Source: Sciencenter, Ithaca, NY
"Ask an Engineer" is part of "Tech City," a traveling exhibition on engineering, developed for science museums with National Science Foundation funding. www.sciencenter.org Produced by Insights International.
The engineer's primary role is to develop practical solutions to society's many and varied needs. As demonstrated in this video from the Sciencenter in Ithaca, New York, engineering work — which requires creativity, a knack for problem solving, and lots of training — is seldom boring and can be highly rewarding. For some engineers, the challenge may be to maintain clean and healthy water conditions for aquarium inhabitants. For others, the work they do may be isolated from public view and involve the cutting edge of technology.
Do you want to know how information gets from one place to another over the Internet? Ask an electrical engineer. Some electrical engineers work in power generation and distribution facilities, while others, like the one featured in this video segment, are responsible for keeping fiber-optic systems — one of the most recent advances in data communications — running smoothly and efficiently.
Fiber-optic systems can transmit larger amounts of information more quickly and more reliably over long distances than can conventional electrical systems, which use metal-wire cables. For this reason, fiber optics is optimally suited for computer networks, including the Internet.
Fiber-optic cables are made up of hair-thin strands of transparent glass. As with an electrical cable, which is typically made of many individual copper wires, an optical cable is an arrangement of hundreds or thousands of optical fibers. The core, or thin glass center of each fiber, carries information encoded in a light signal. Surrounding the core is cladding, which functions to contain light within the core. Plastic coating called buffer coating surrounds the cladding, protecting the fiber from damage.
Here's how fiber-optic systems work. A transmitter converts an electrical analog or digital signal into a corresponding light signal. The light signal is then reflected along the fiber's core. As it travels, it continuously bounces off the reflective cladding until it reaches its destination: the optical receiver. Once there, the light signal is decoded into a replica of the original electrical signal. If the distance is particularly long between transmitter and receiver — as for transatlantic phone calls — an optical regenerator may be used to "boost" the light signal along the way.

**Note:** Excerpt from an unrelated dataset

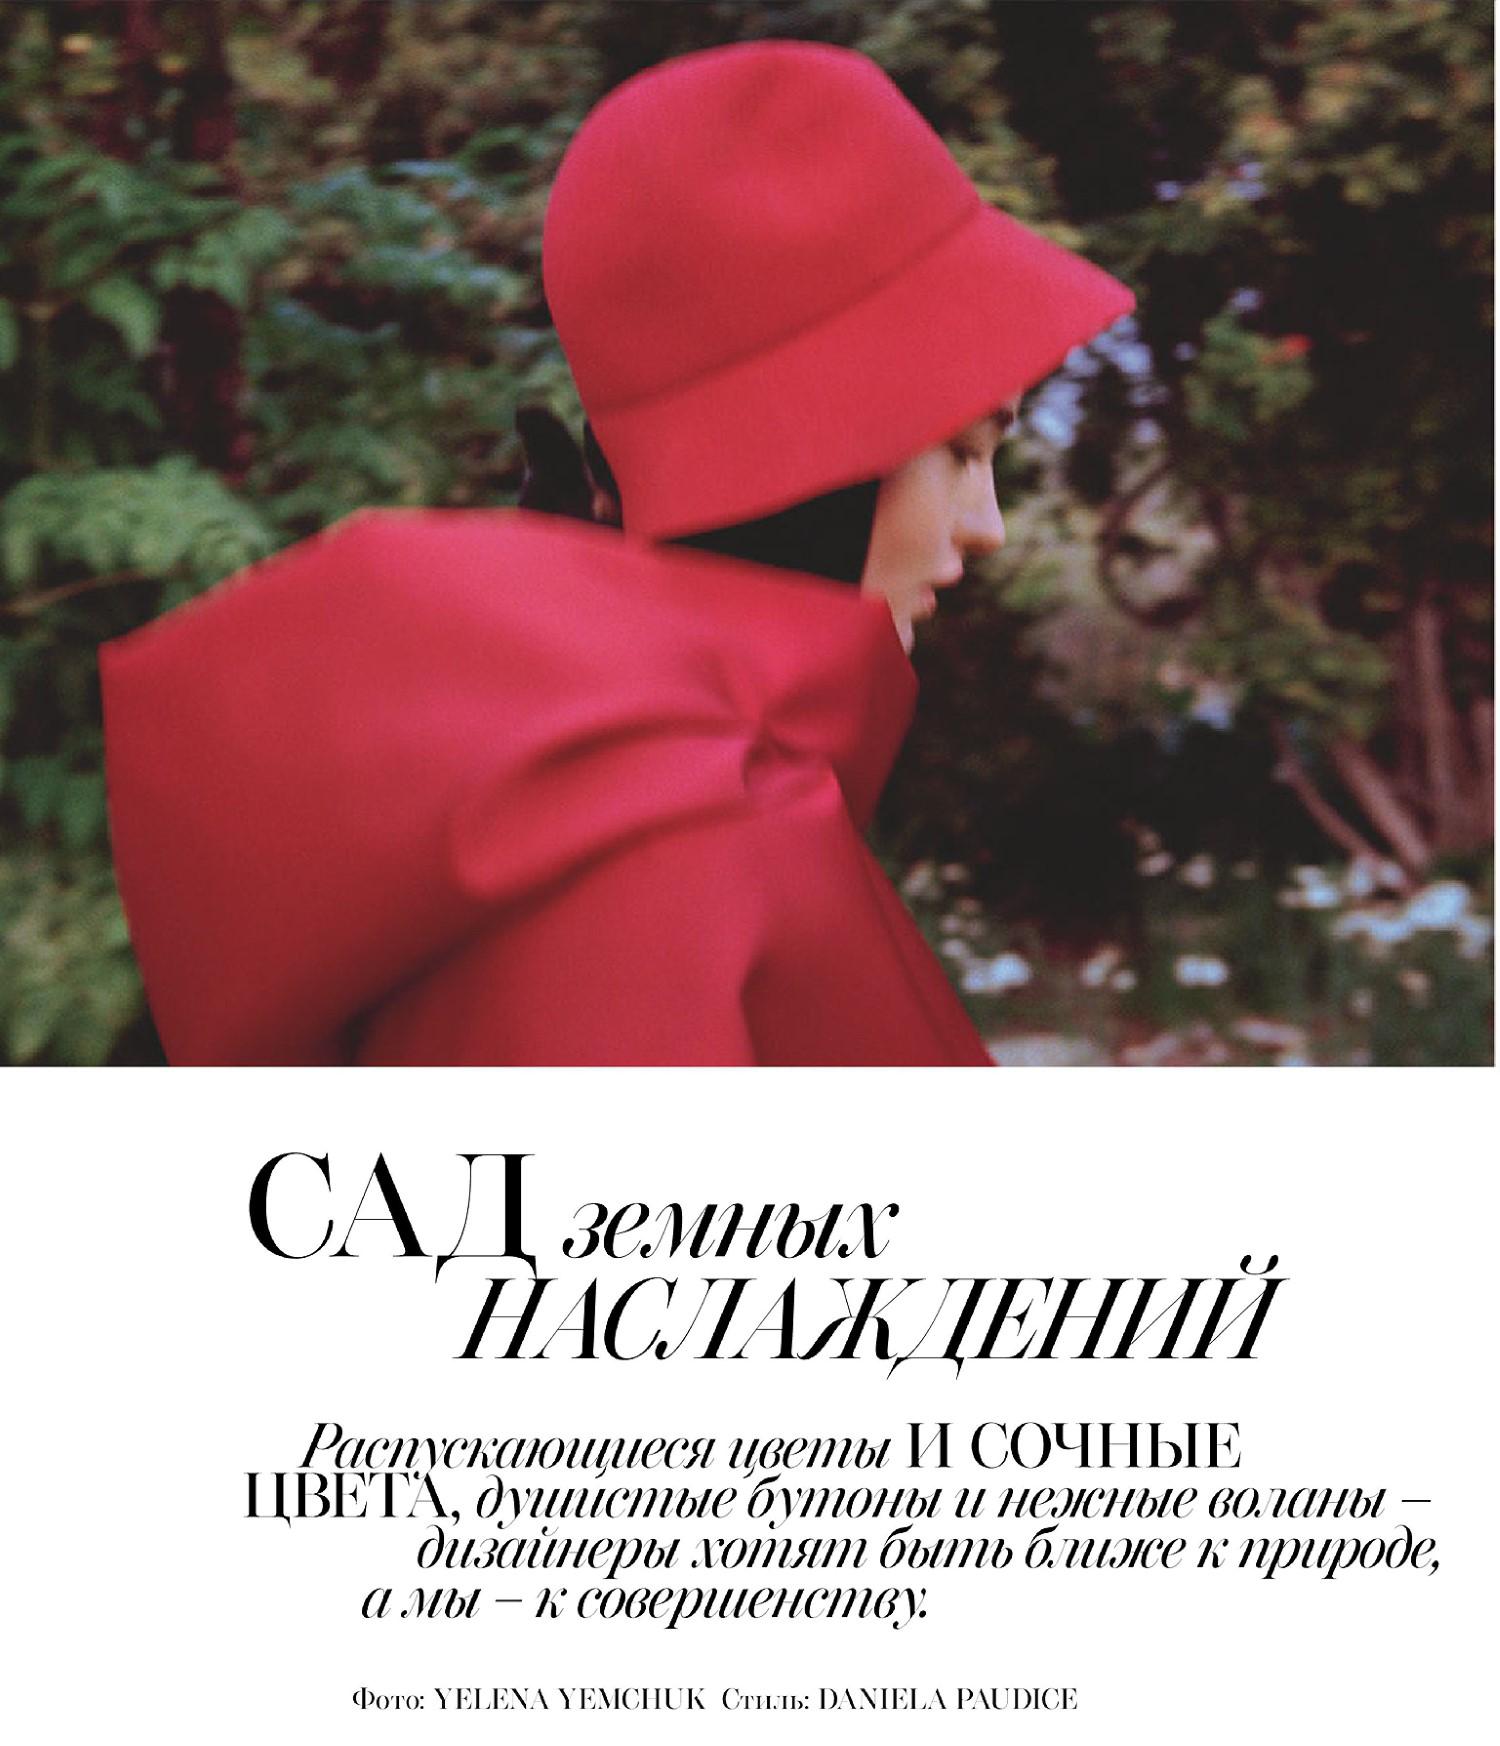 Grace-Elizabeth-Yelena-Yemchuk-Vogue-Russia-April-2019 (5).jpg

Because the cladding does not absorb any light, the signal can travel a very long way with no significant loss. This translates into stronger and faster data transmission, which means clearer phone conversations and the ability to send and receive large data files, such as videos. Since tiny impurities found in the glass core will result in the loss of the signal, electrical engineers seek to remove such impurities.
Fiber-optic systems are less expensive than conventional metal wire ones, largely because cables made of glass are cheaper to produce than copper ones. Optical fibers are also thinner, so more fibers can be bundled into a given diameter of cabling. These additional transmission lines allow for the delivery of more data, which translates into an increase in bandwidth.
Despite their many advantages over copper-wire cable systems, fiber-optic systems must still be physically installed, which means digging trenches, submerging lines, or stringing cables through a building's infrastructure. All of these activities are time-consuming, expensive, and often disruptive to the environment. Before long, emerging high-speed wireless technologies may replace fiber-optic systems.